Genomic, transcriptional, and molecular characterization of clusters reveal immunotherapy, CDK4/6 and YAP-TEAD inhibitors and p53 pathway plausible treatment strategies within clusters. (a) Oncoplot displaying the top 20 most frequently significantly mutated cervical cancer genes in relation to radiomic clusters. 16 of these genes (*) contain mutations that are druggable as defined by the Human Protein Atlas (https://www.proteinatlas.org/) (for more details, see Supplementary Table 7). (b) Proportion of patients with mutations within main oncogenic pathways in relation to radiomic cluster. (c) Distribution of L1000 log 2 expression levels of the 11 differentially expressed genes ((False Discovery Rate (FDR) < 0.01, Fold Change >  ± 1.75) relative to radiomic cluster. The distribution of gene expression values is significantly different between radiomic clusters (Kruskal–Wallis test; p ≤ 0.001). (d) Heatmap of protein expression for known prognostic biomarkers (p53, PD-L1, HLA-DQB1, LIMCH1) in cervical cancer cases ordered by, radiomic cluster, histological type, inflammatory reaction and FIGO2018 stage.

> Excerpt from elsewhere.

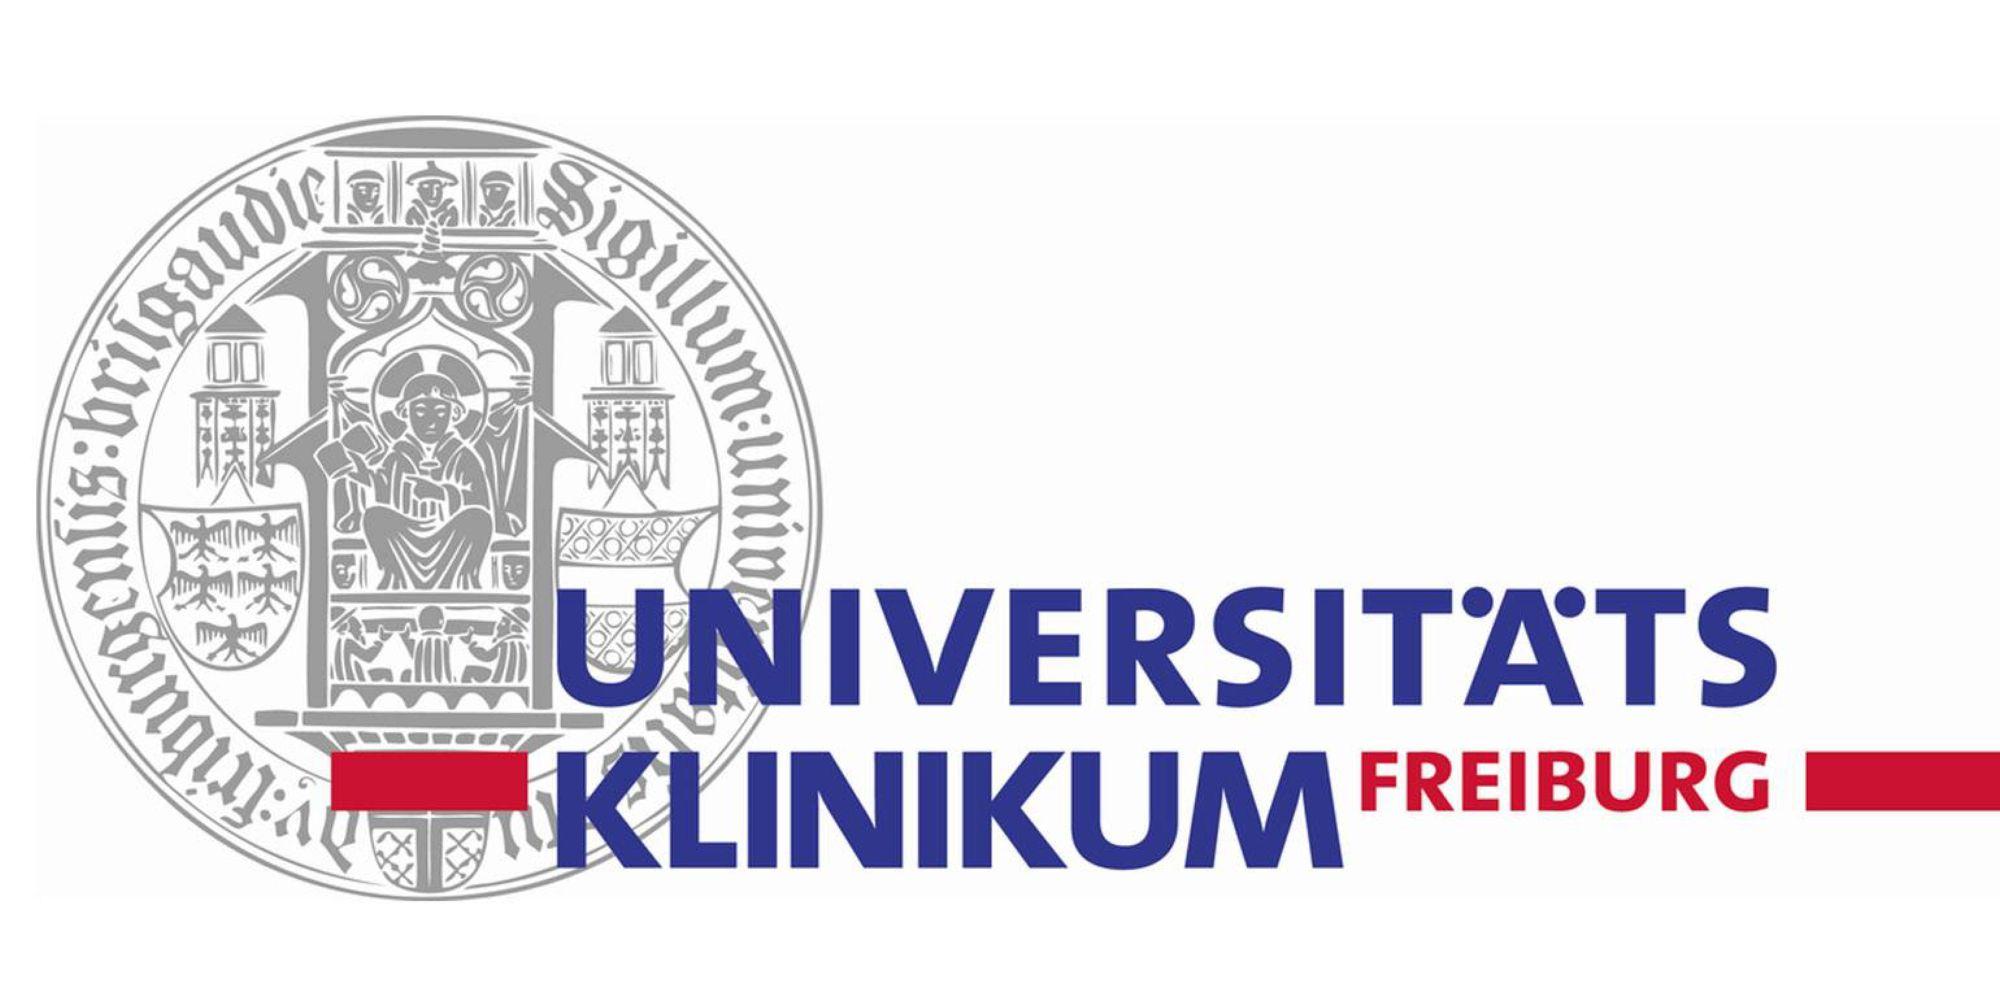 universitaetsklinikum-freiburg-logo-teaser.jpg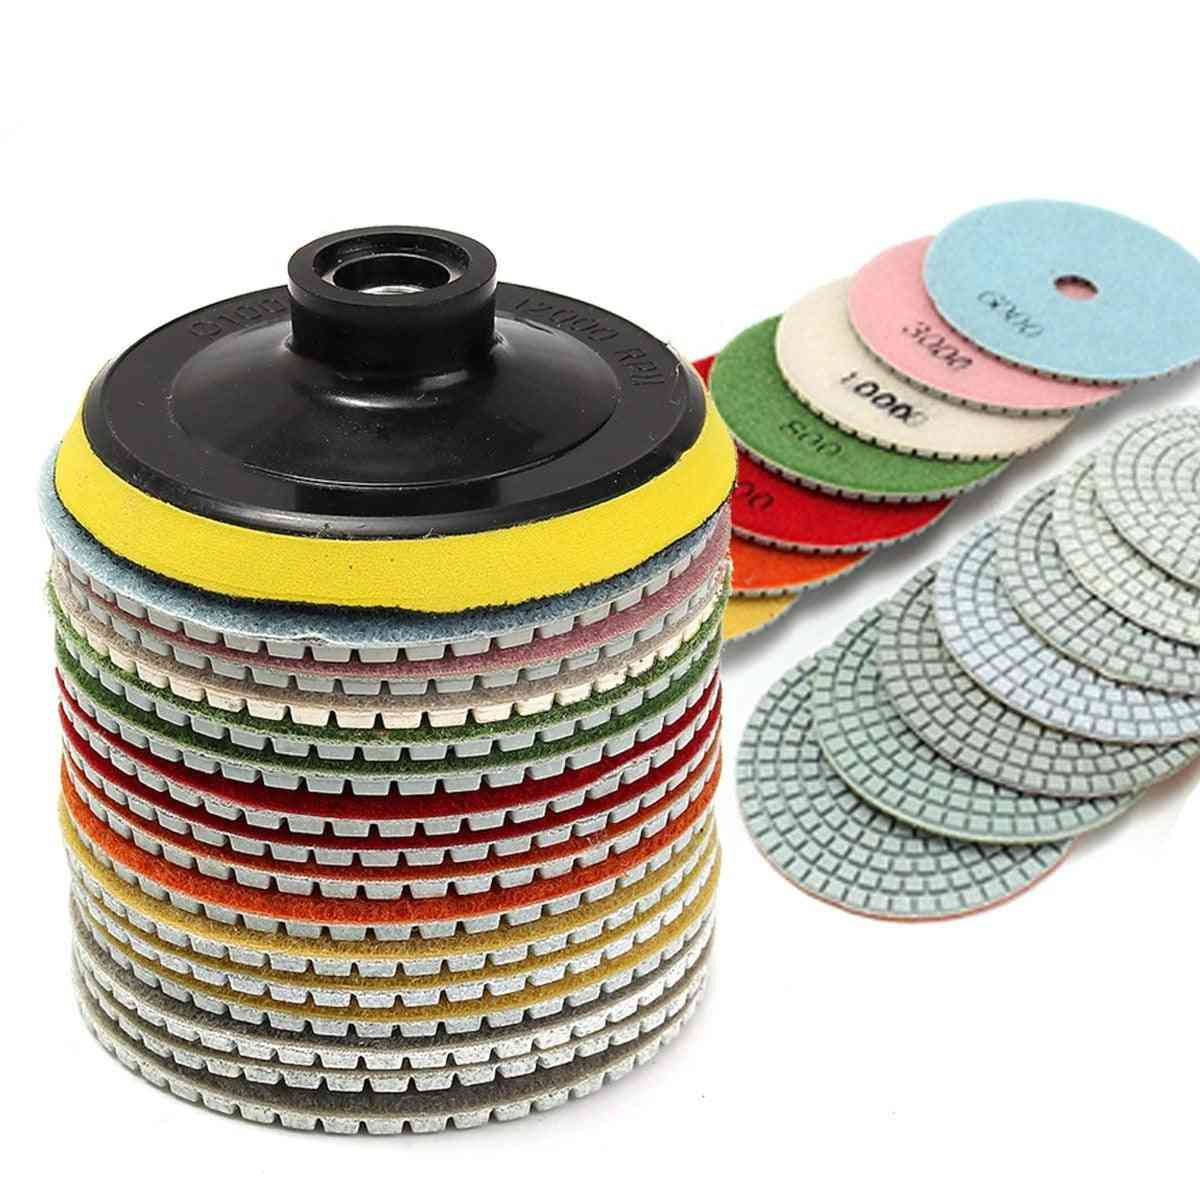 Diamond Polishing Pads Kit For Granite/concrete/marble Stone And Tiles

Grey boxes indicate no biomarker data available. p53 aberrations (negative or strong staining) are more common in Cluster 3 tumors in 68% (17/27) vs. in 30% (18/61) of Cluster 1/2 tumors (γ2 test; p = 0.004). High LIMCH1 protein expression tended to be more common in Cluster 3 tumors (in 96% (25/26) vs. in 79% (48/61) of Cluster 1/2 tumors) (Fisher’s Exact Test; p = 0.056). AC: adenocarcinoma; ASC: adenosquamous carcinoma; CC: cervical cancer; NET: neuroendocrine tumor; SCC: squamous cell carcinoma; UDC: undifferentiated carcinoma.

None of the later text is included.